The reply should be an exact repeat of the listing, with no pictures in it.

* [Data extract]:
※ ※ ※

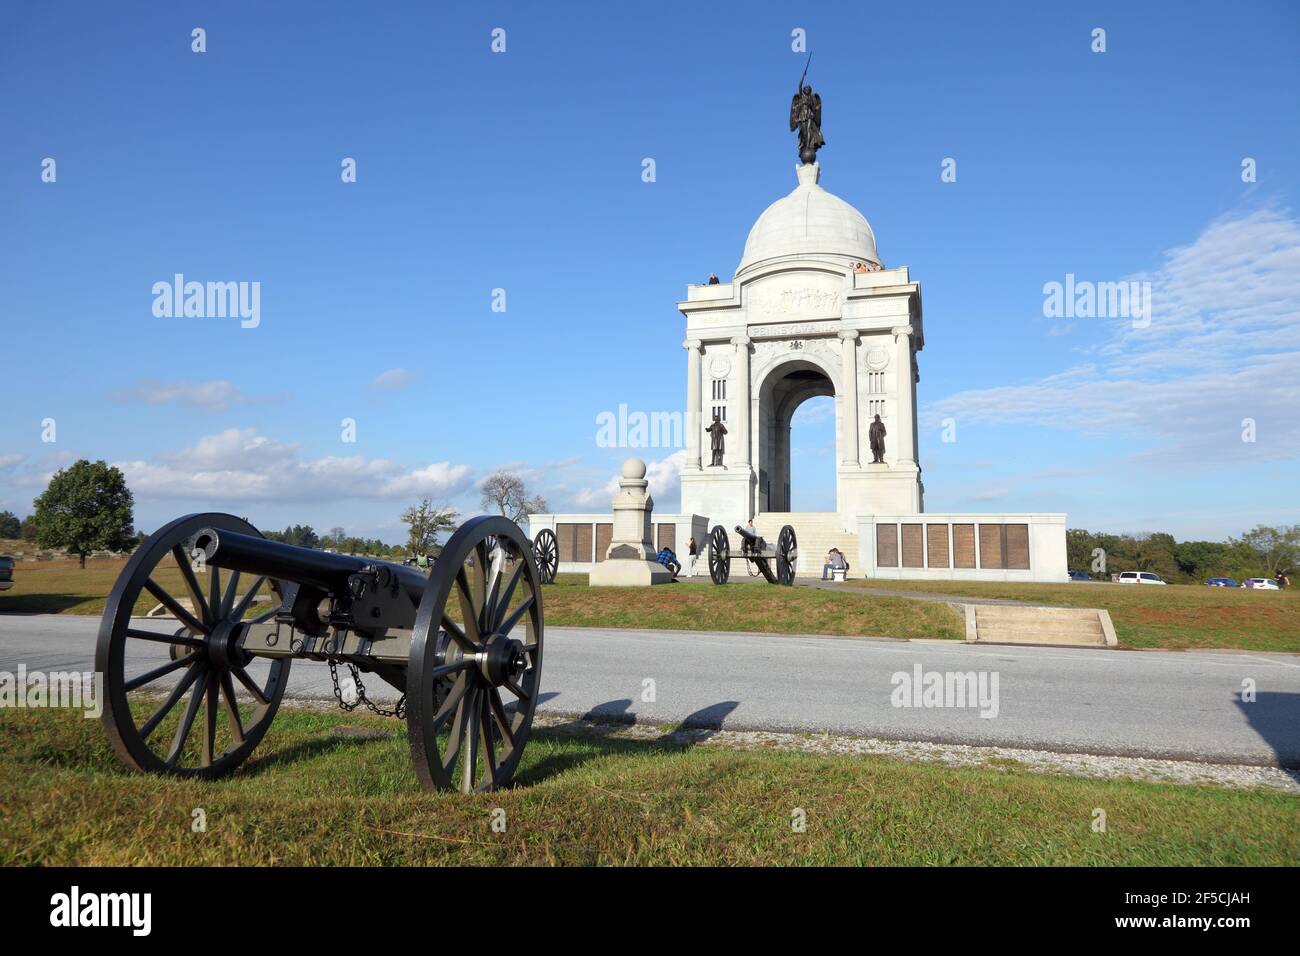 Geographie / Reisen, USA, Pennsylvania, Gettysburg, Pennsylvania Monument, Gettysburg National Military, Additional-Rights-Clearance-Info-Not-Available Stockfoto
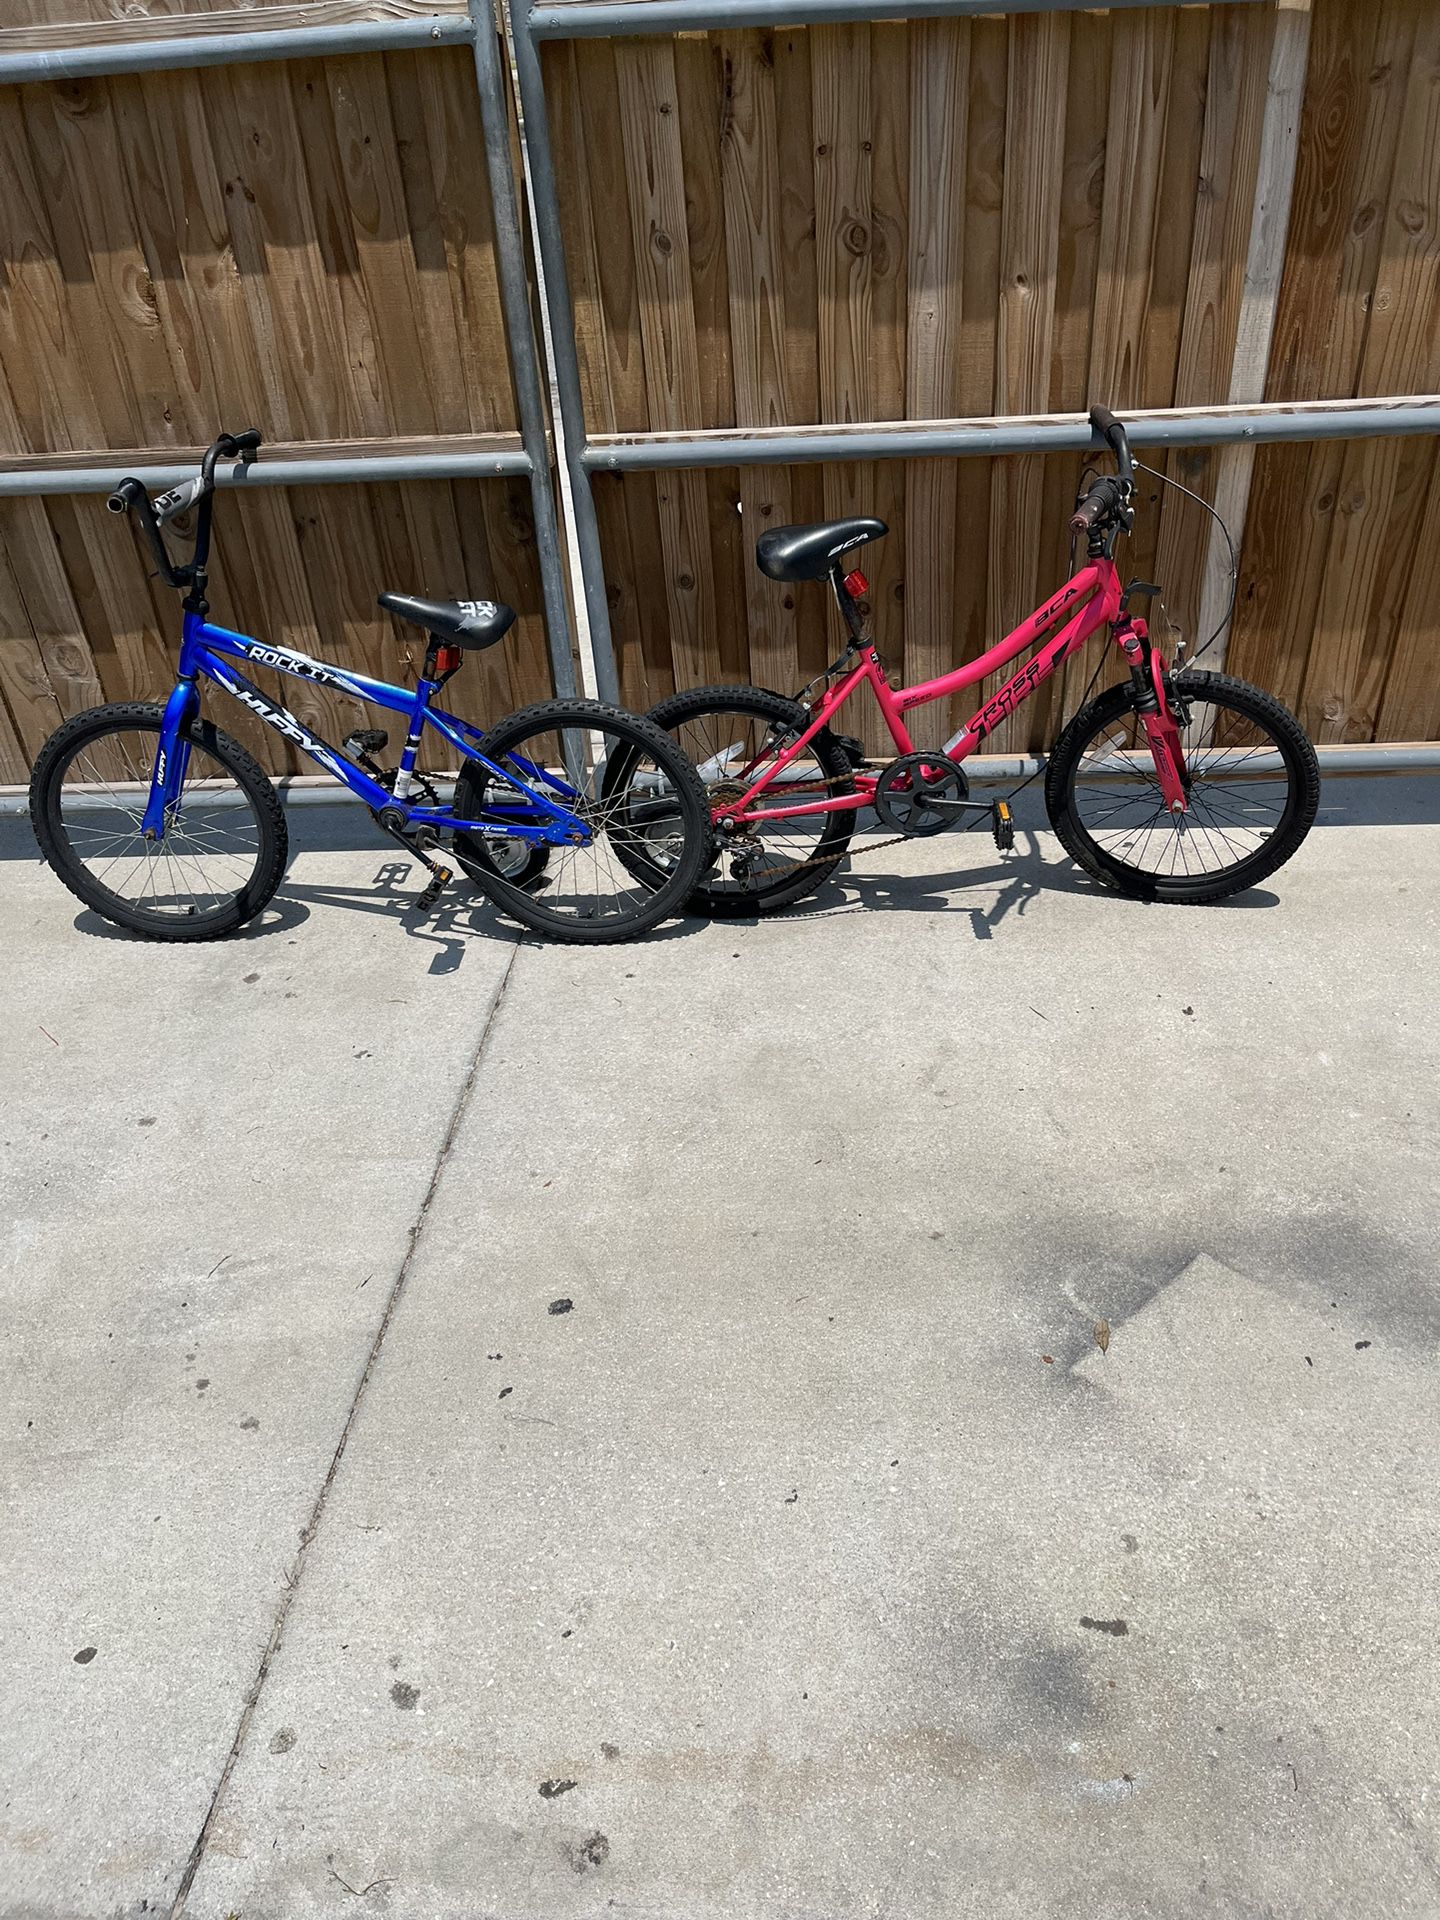 2 Bikes (Come Together)
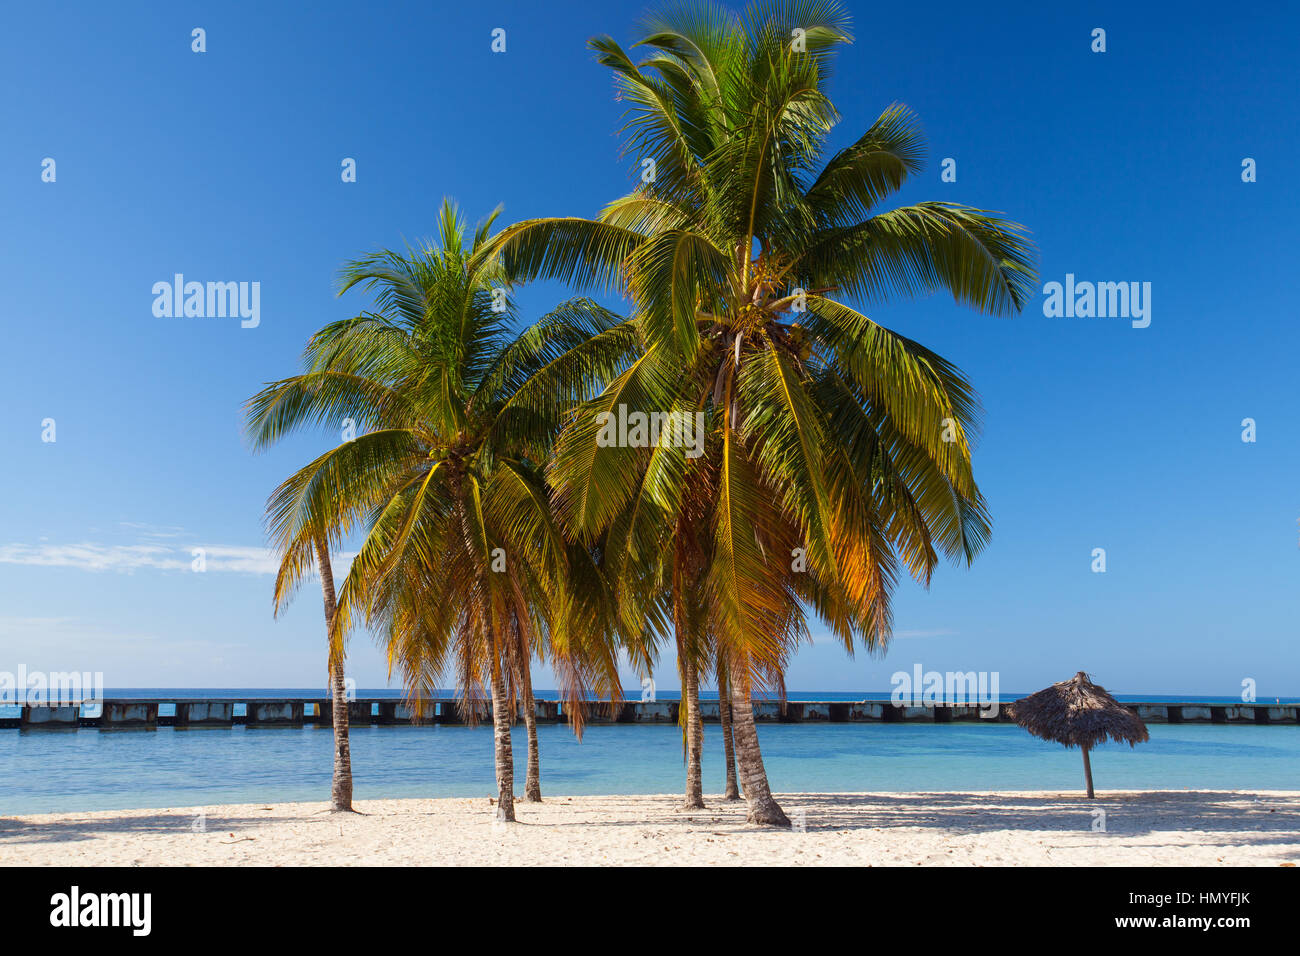 On the beach Playa Giron, Cuba. This beach is famous for its role during the Bay of Pigs invasion. Stock Photo
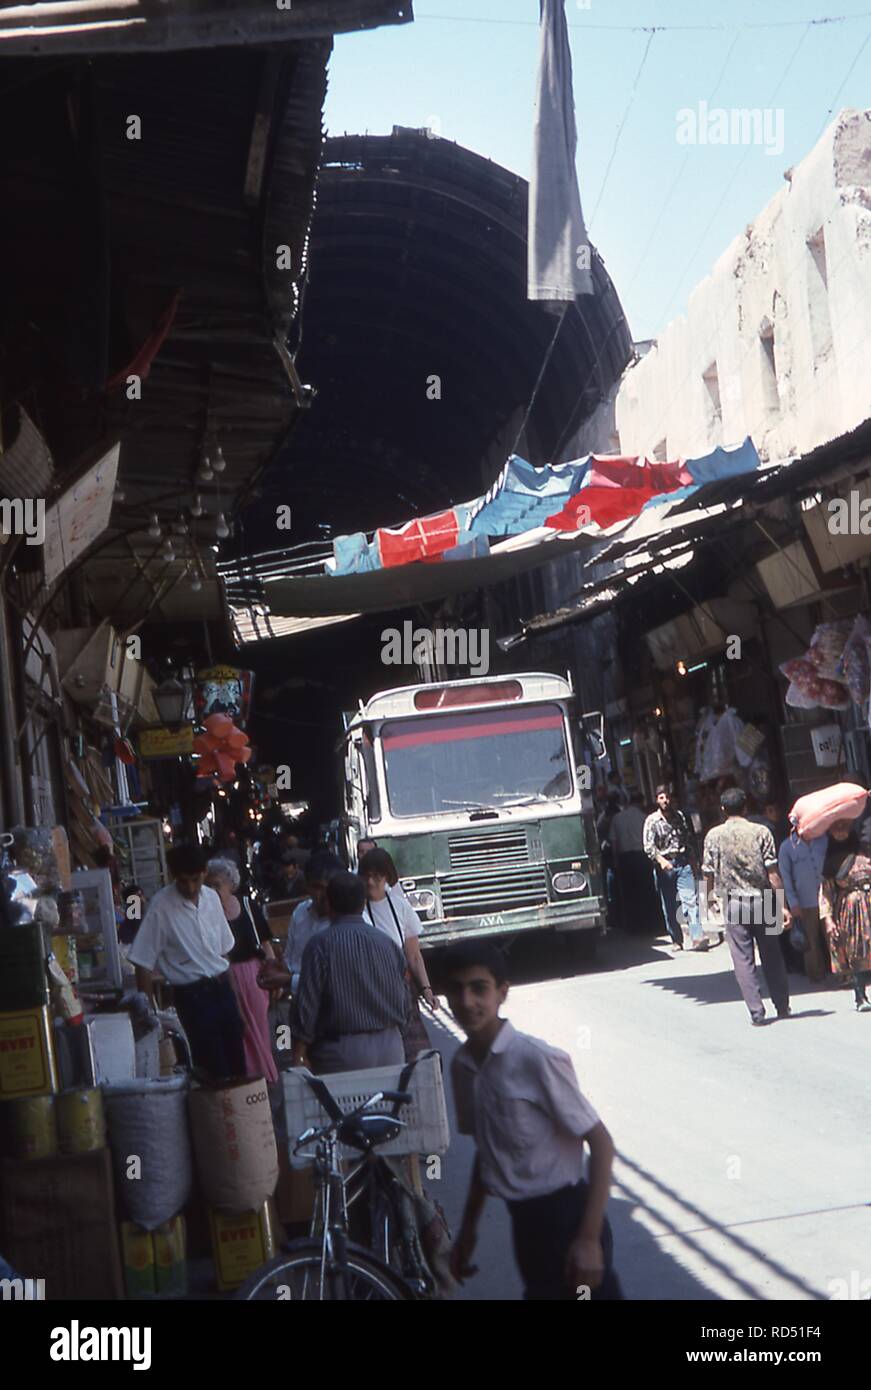 View of a busy street scene at the entrance to Al Hamidiyah souk in Damascus, Syria, June, 1994. At center a city bus travels through the market as shoppers swarm the alley's stalls. () Stock Photo

※ ※ ※

* [Exercise result]:
 Geographie / Reisen, USA, Pennsylvania, Gettysburg, Pennsylvania Monument, Gettysburg National Military, Additional-Rights-Clearance-Info-Not-Available Stockfoto
 2 Bikes (Come Together)
 On the beach Playa Giron, Cuba. This beach is famous for its role during the Bay of Pigs invasion. Stock Photo
 View of a busy street scene at the entrance to Al Hamidiyah souk in Damascus, Syria, June, 1994. At center a city bus travels through the market as shoppers swarm the alley's stalls. () Stock Photo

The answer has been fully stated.